> [GIVEN INFORMATION]

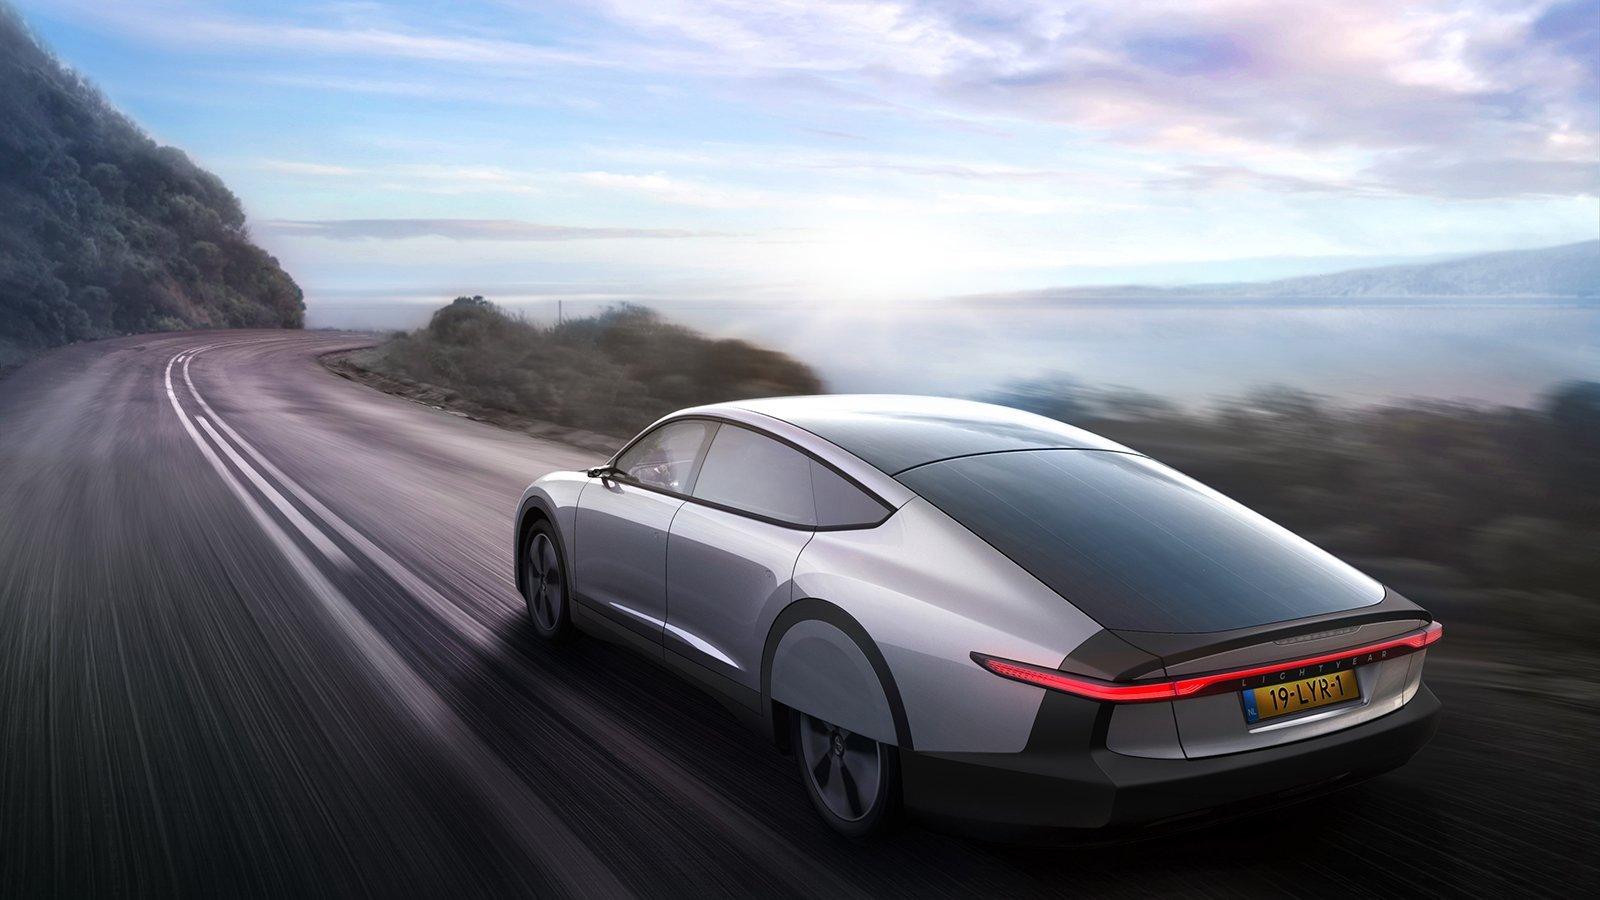 Dutch company develops partly solar powered car
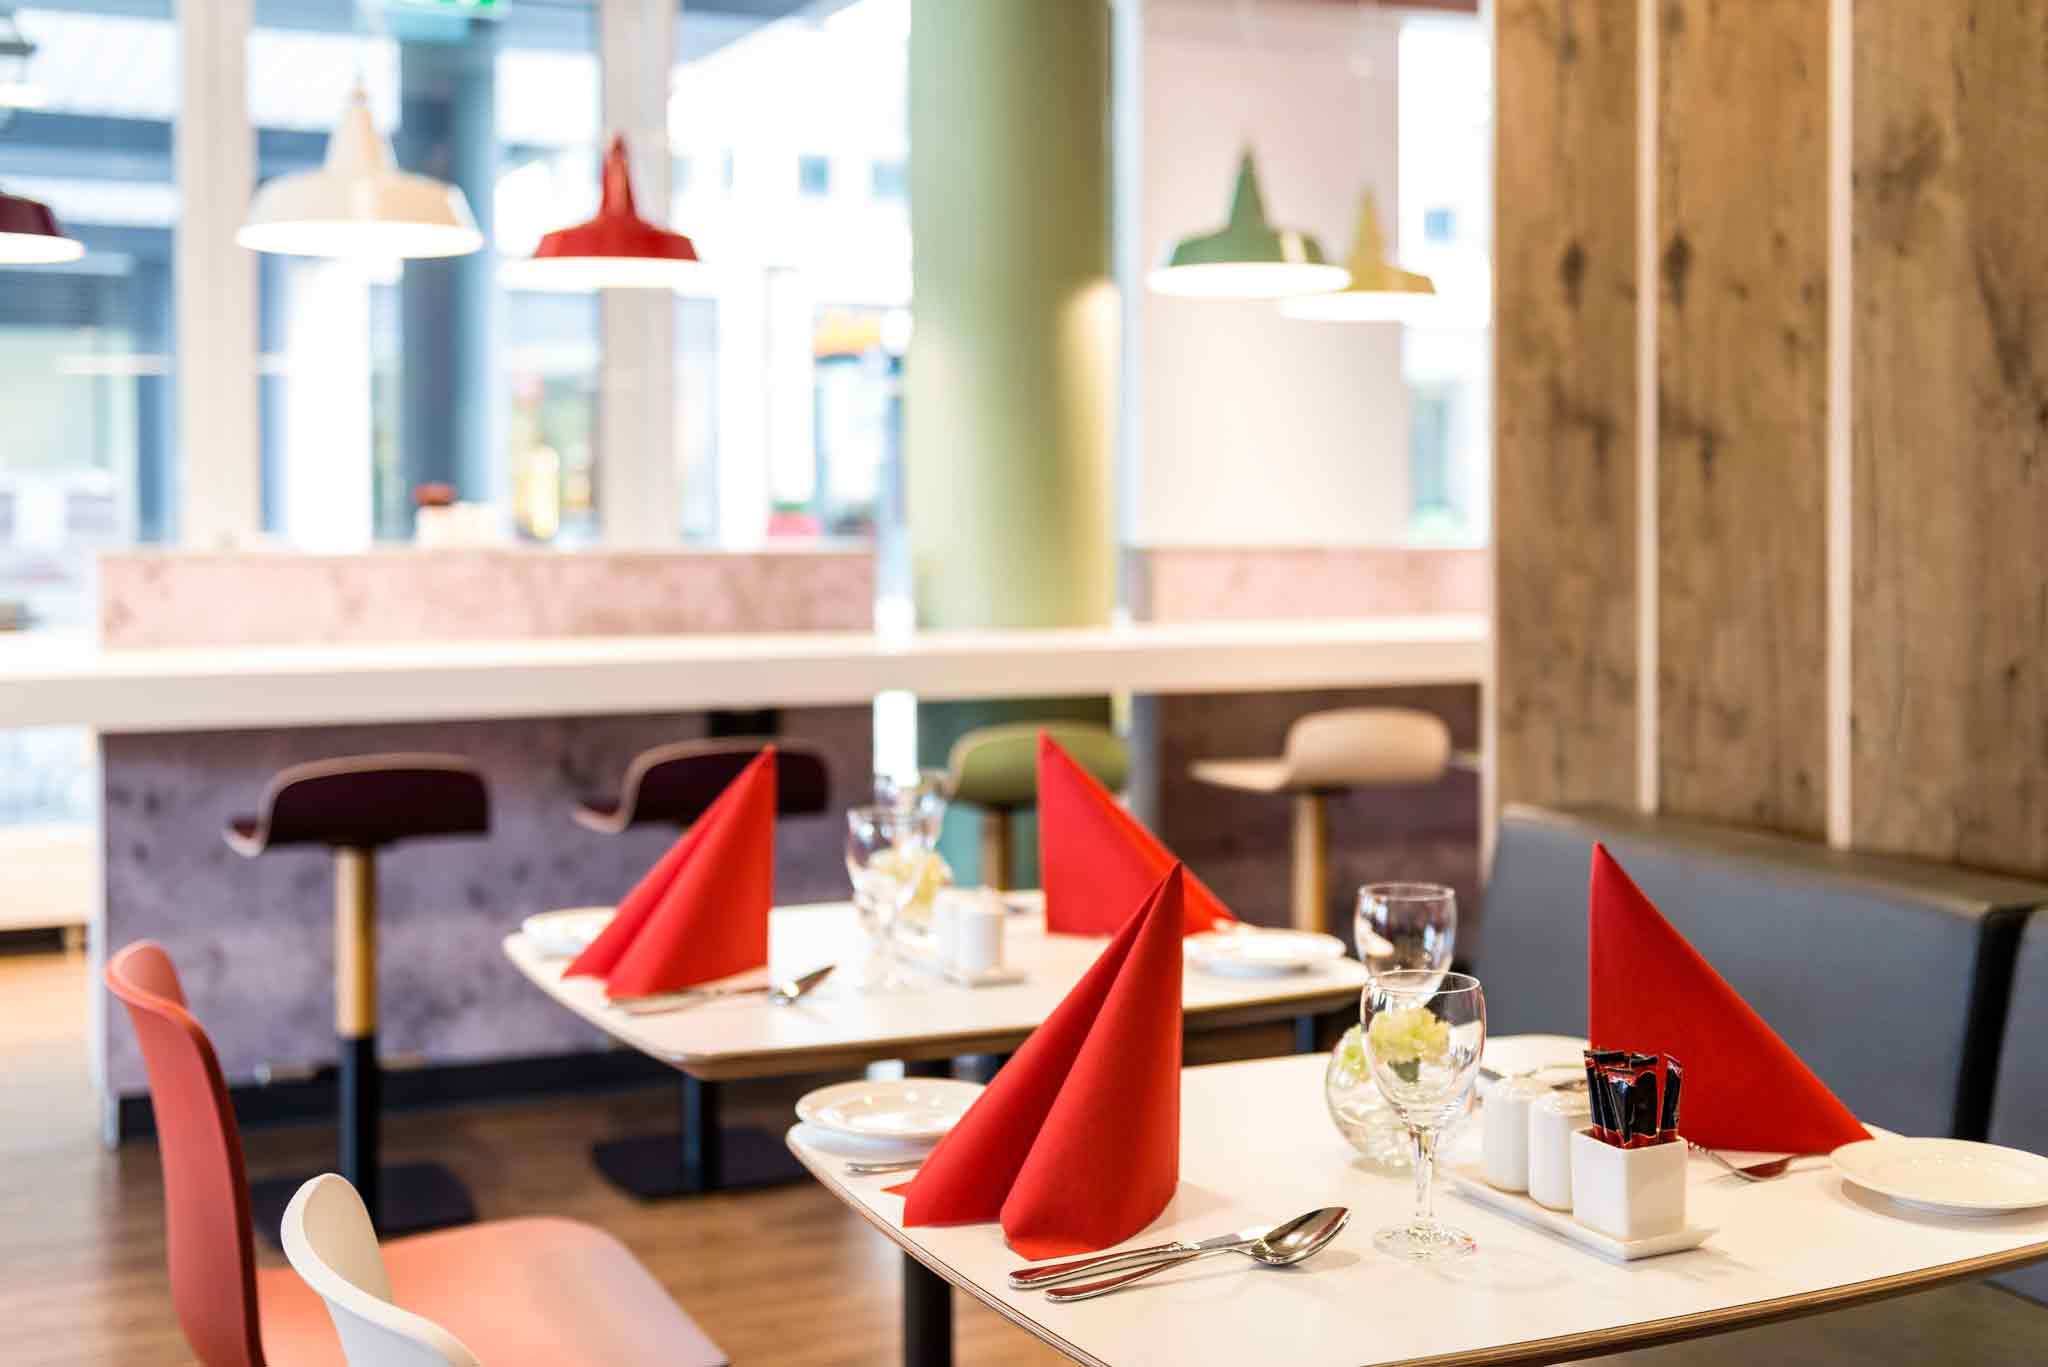 Ibis Hotel München Parkstadt Schwabing Gastronomy
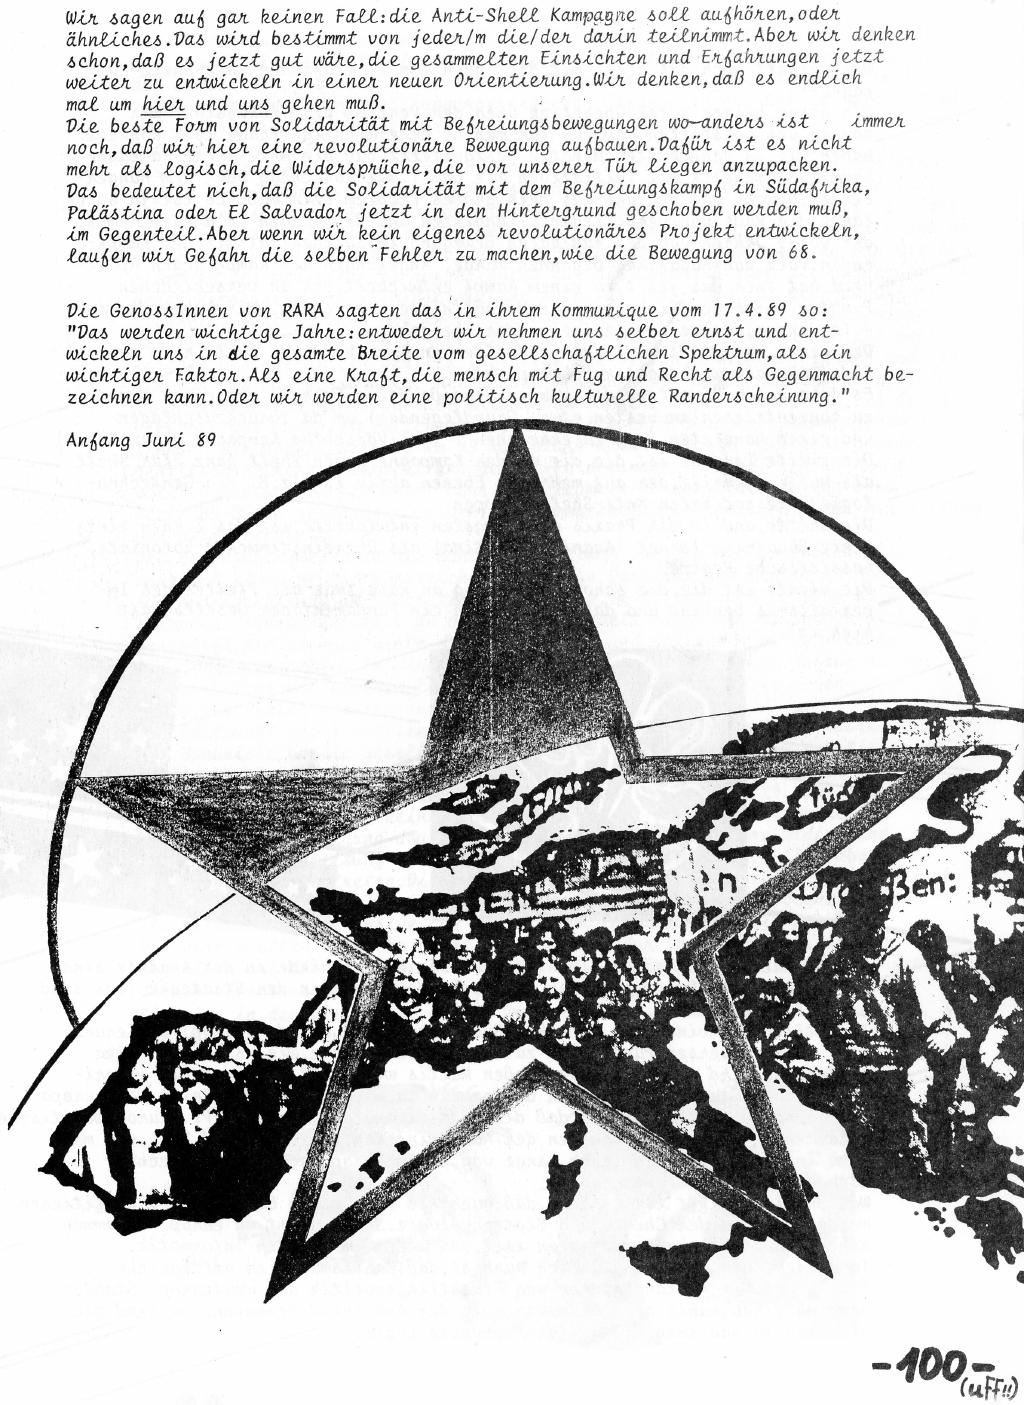 Belgien_Doku_Besetzung_EG_Kommission_1989_102
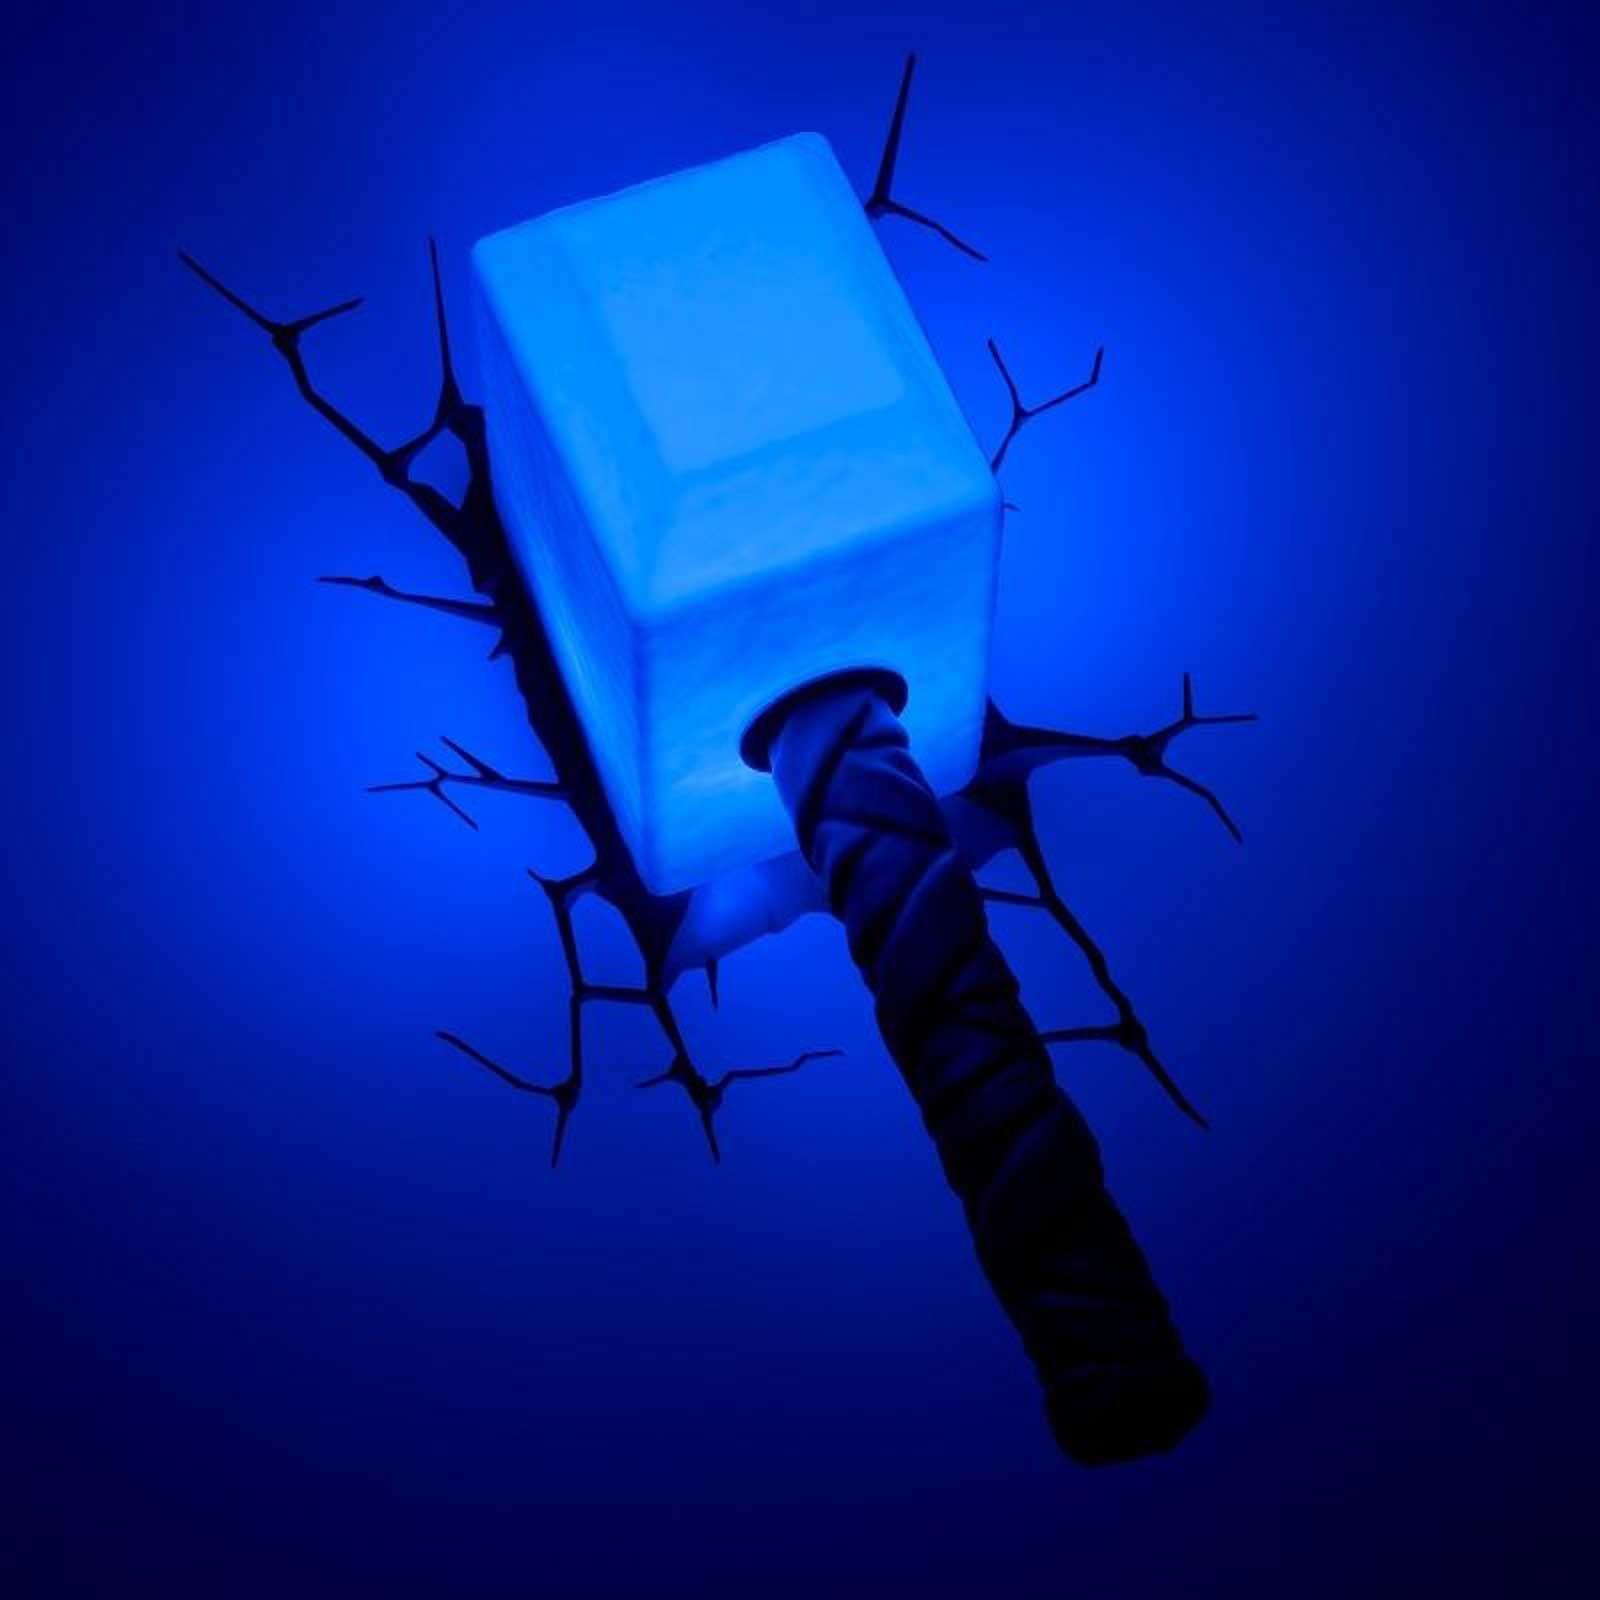 Details about marvel avengers thor hammer 3d led wall light lamp new

> [EXERCISE DETAILS] An exact, word-for-word version of the material is required, free of pictures.

> [TASK RESULT]
 Dutch company develops partly solar powered car
 Ibis Hotel München Parkstadt Schwabing Gastronomy
 Belgien_Doku_Besetzung_EG_Kommission_1989_102
 Details about marvel avengers thor hammer 3d led wall light lamp new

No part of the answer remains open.